--- START ---

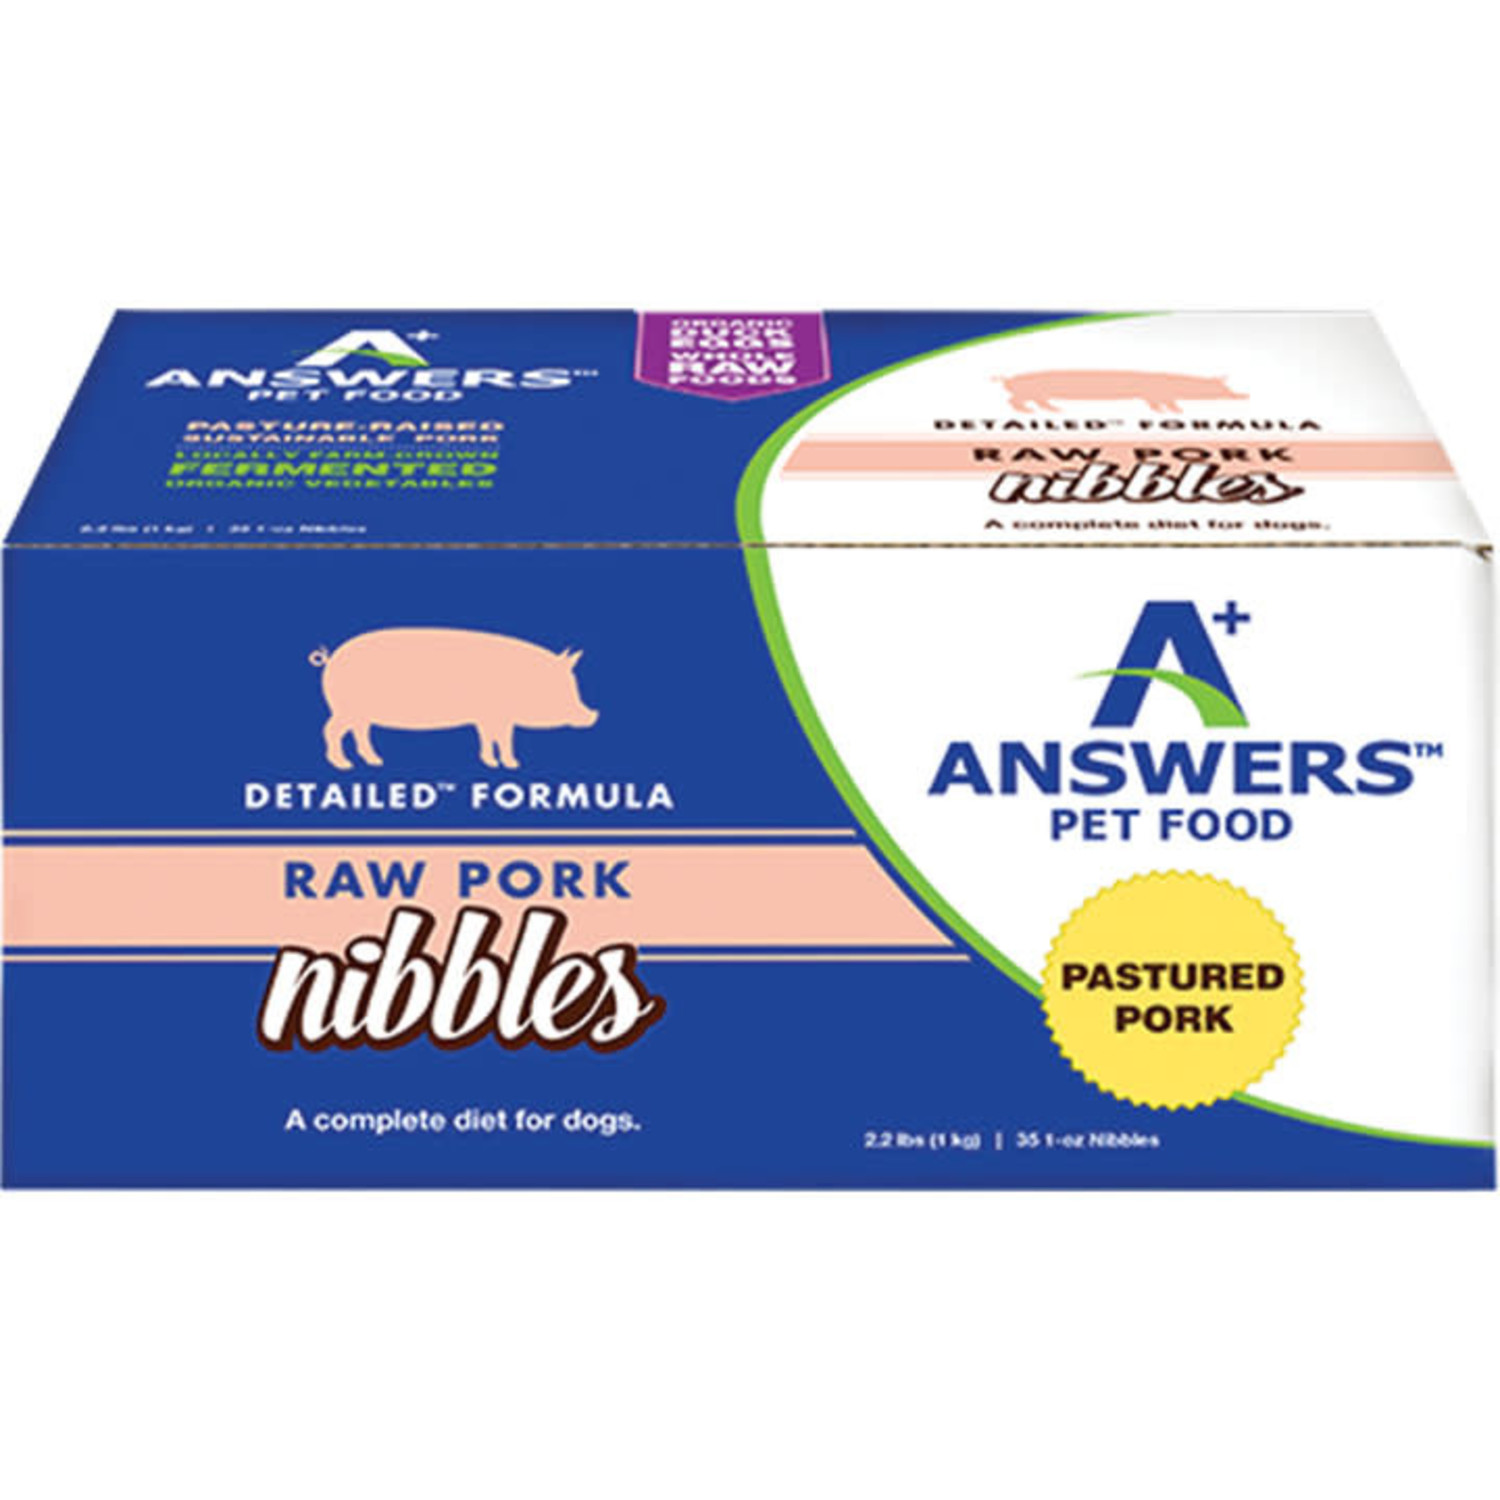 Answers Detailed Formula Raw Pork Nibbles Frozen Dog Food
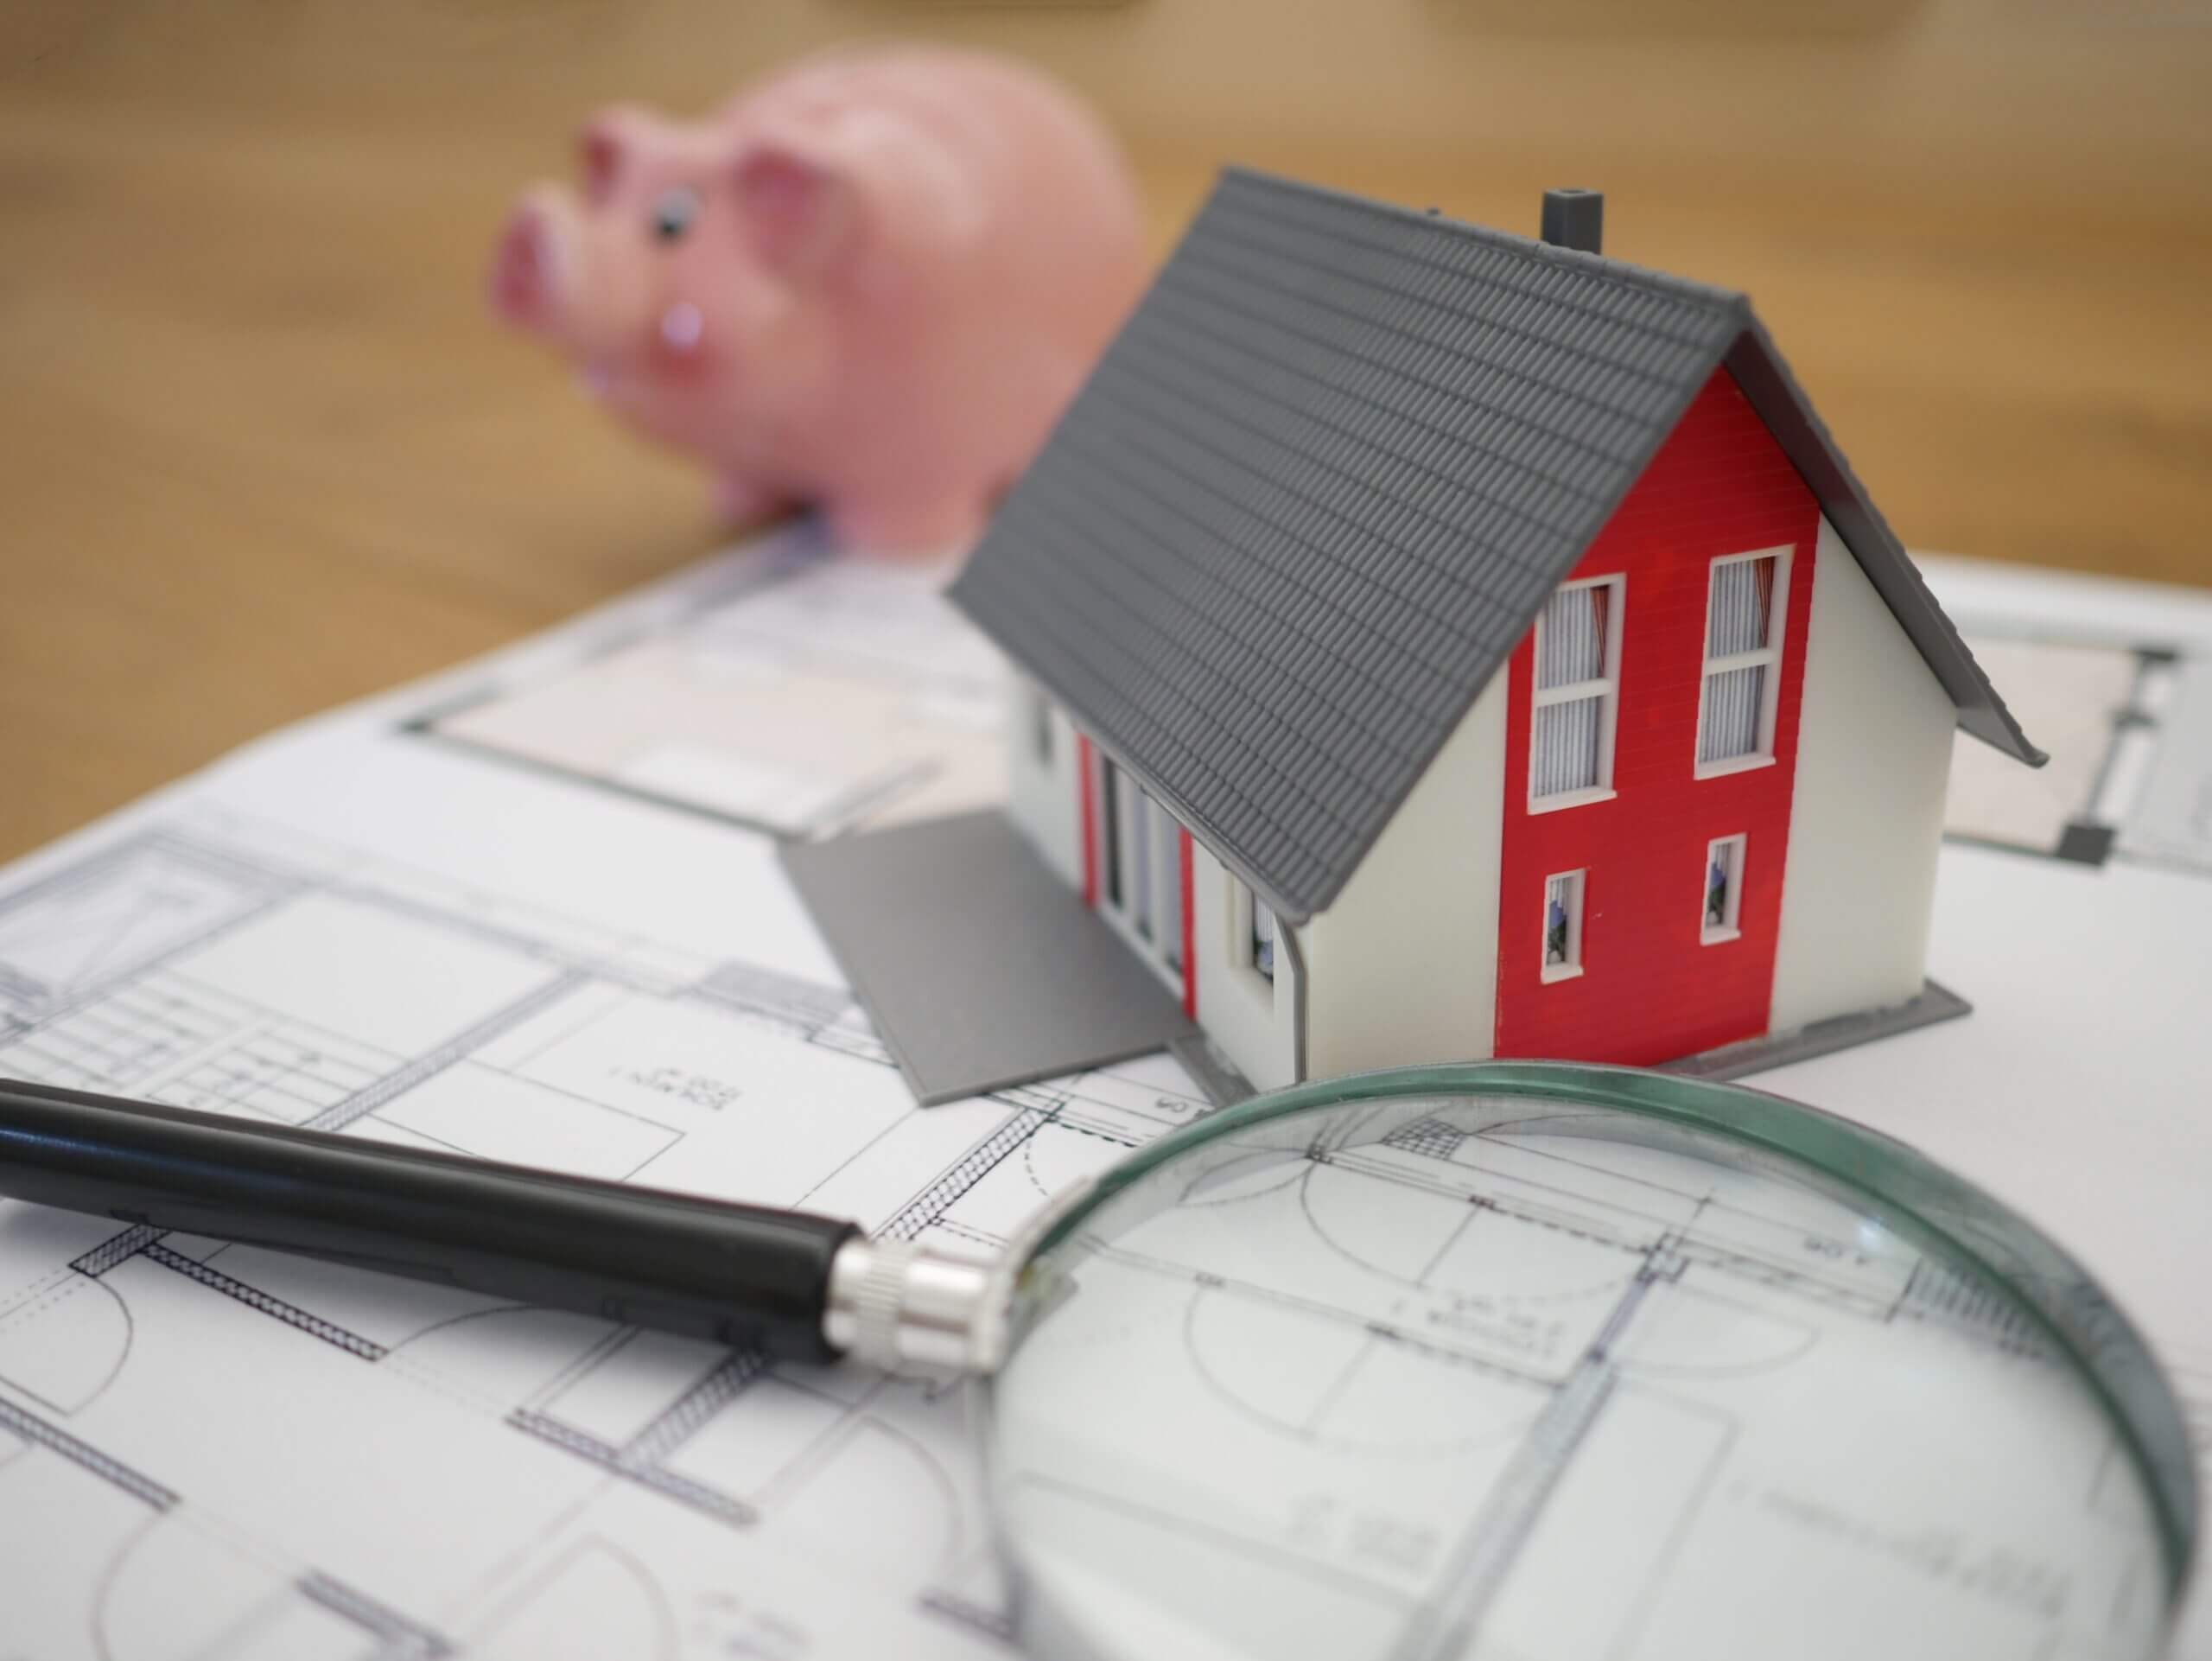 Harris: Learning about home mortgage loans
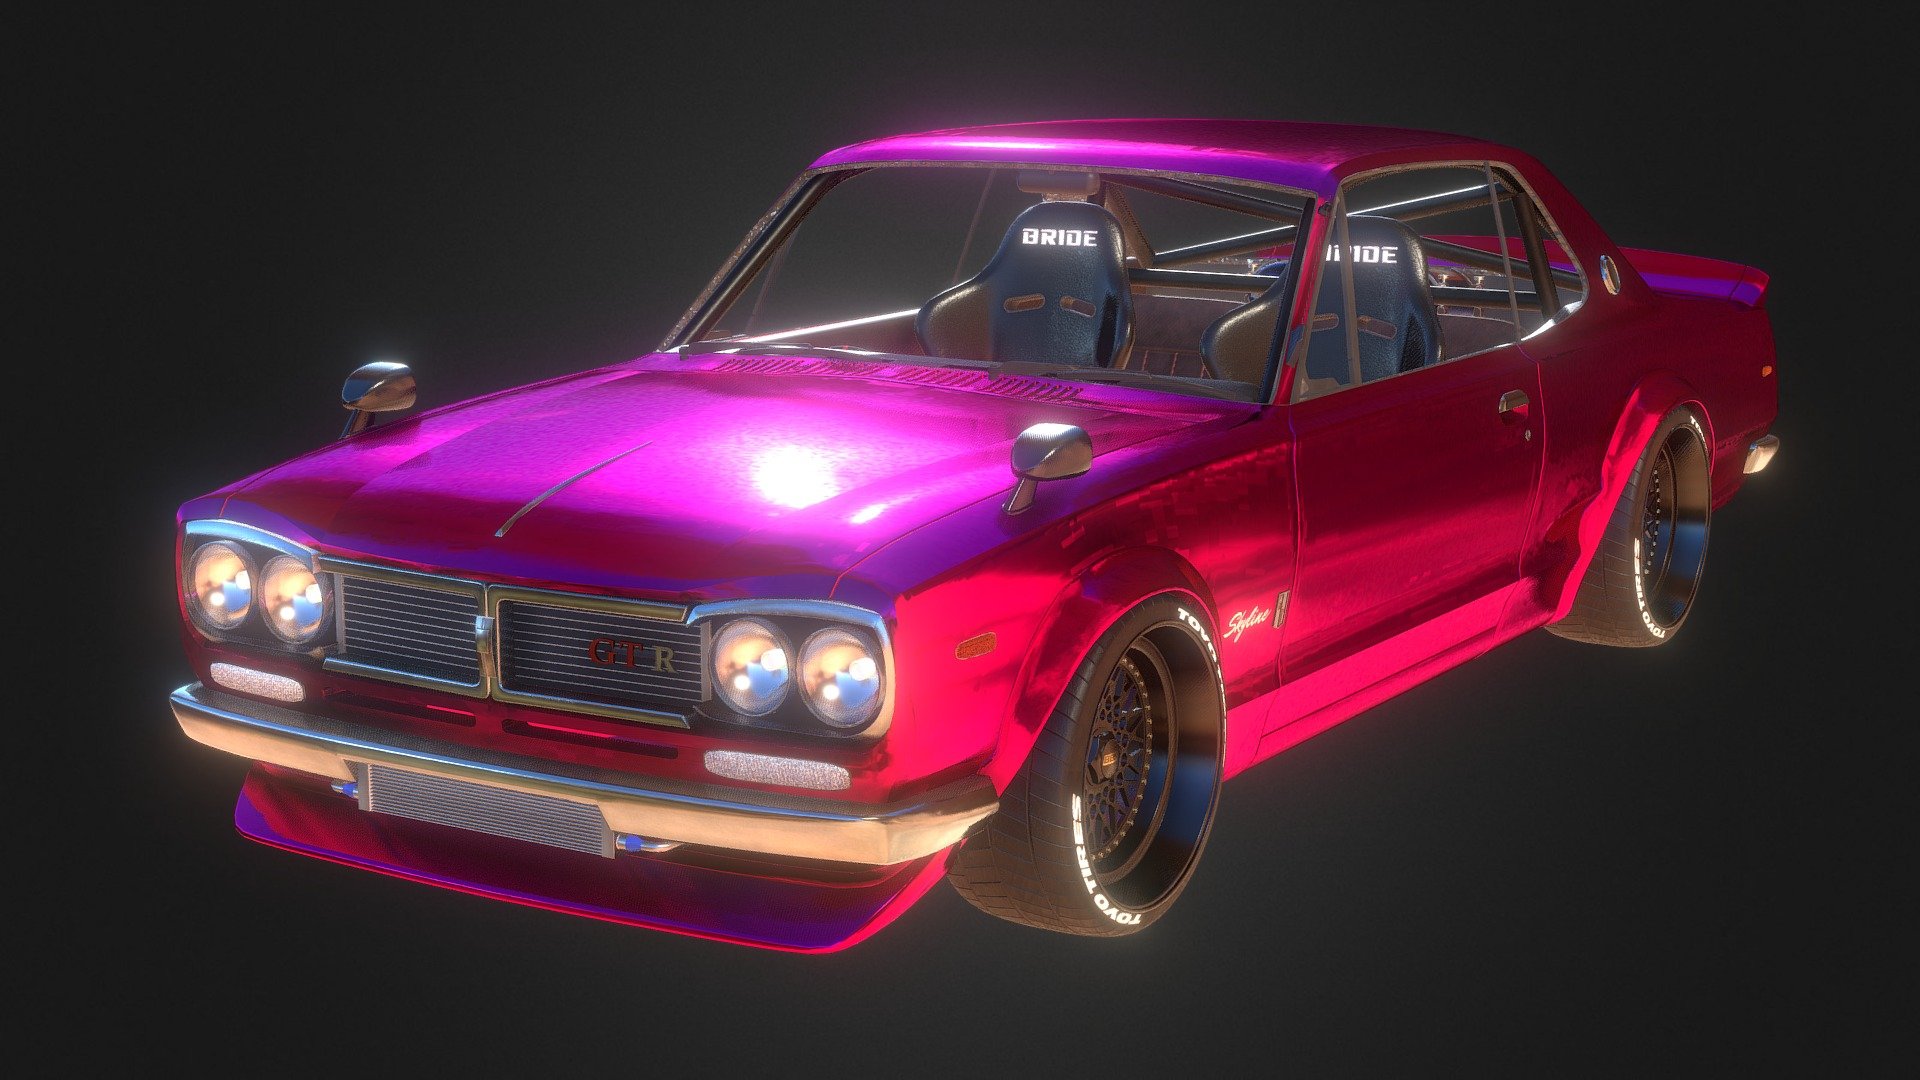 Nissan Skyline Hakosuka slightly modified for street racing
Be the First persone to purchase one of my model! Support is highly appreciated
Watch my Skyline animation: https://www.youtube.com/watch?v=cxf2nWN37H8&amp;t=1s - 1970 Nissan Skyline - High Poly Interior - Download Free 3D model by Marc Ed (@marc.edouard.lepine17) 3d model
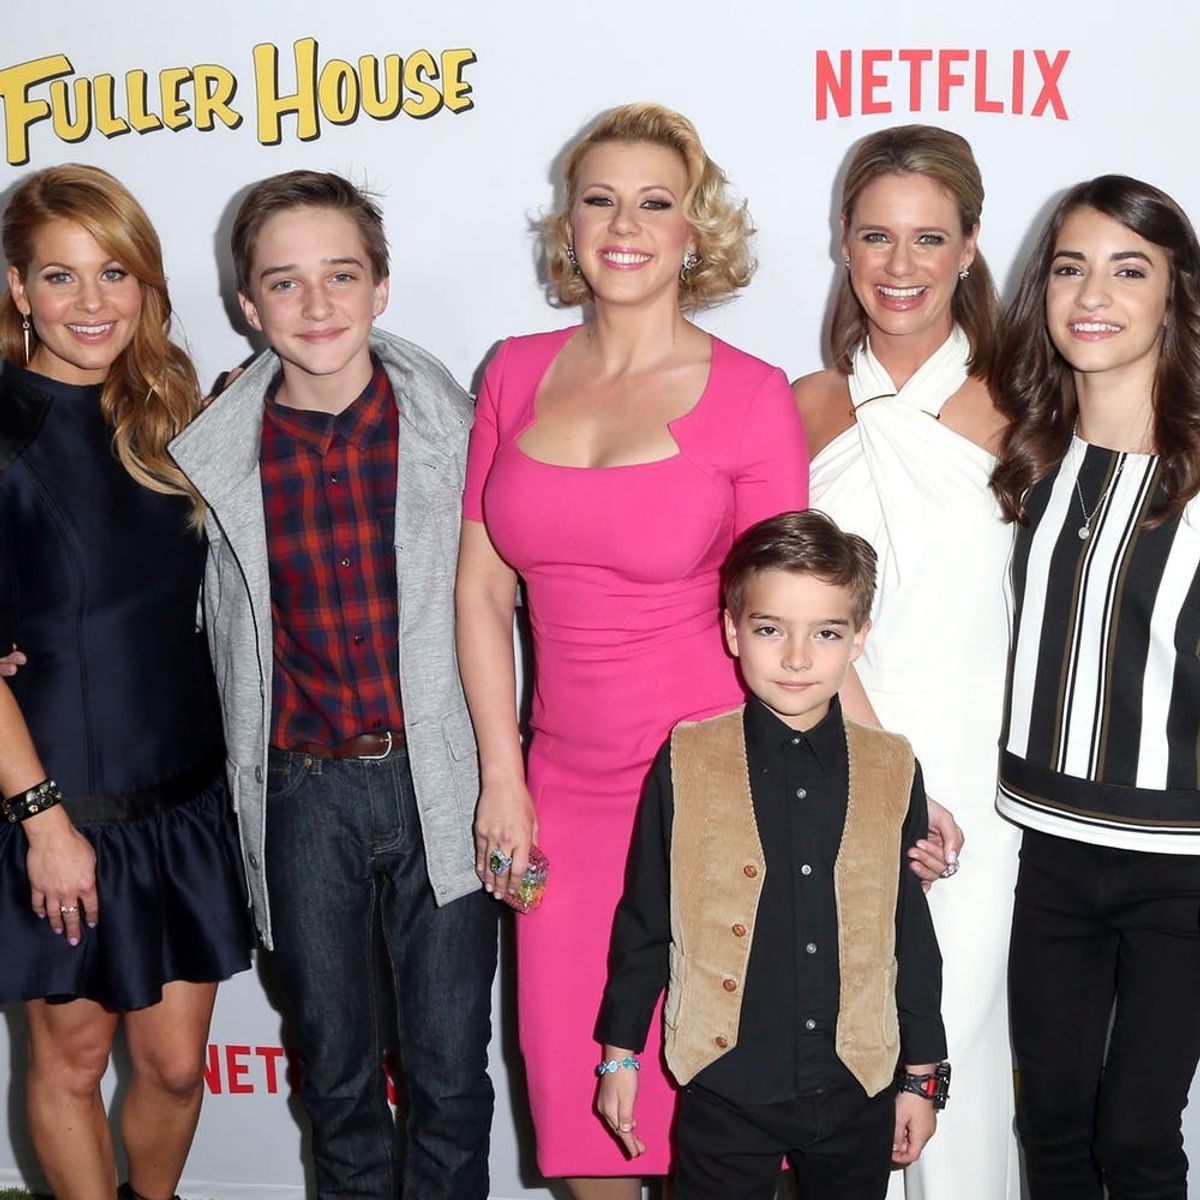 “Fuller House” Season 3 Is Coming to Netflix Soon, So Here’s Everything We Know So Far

--- END ---

With the pictures removed, print only the lines starting at the line that has "Harris: Learning about home mortgage loans" and ending at the line that has "Be the First", both ends included, exactly as they stand above.

### THE ANSWER
 Harris: Learning about home mortgage loans
 Nissan Skyline Hakosuka slightly modified for street racing
Be the First persone to purchase one of my model! Support is highly appreciated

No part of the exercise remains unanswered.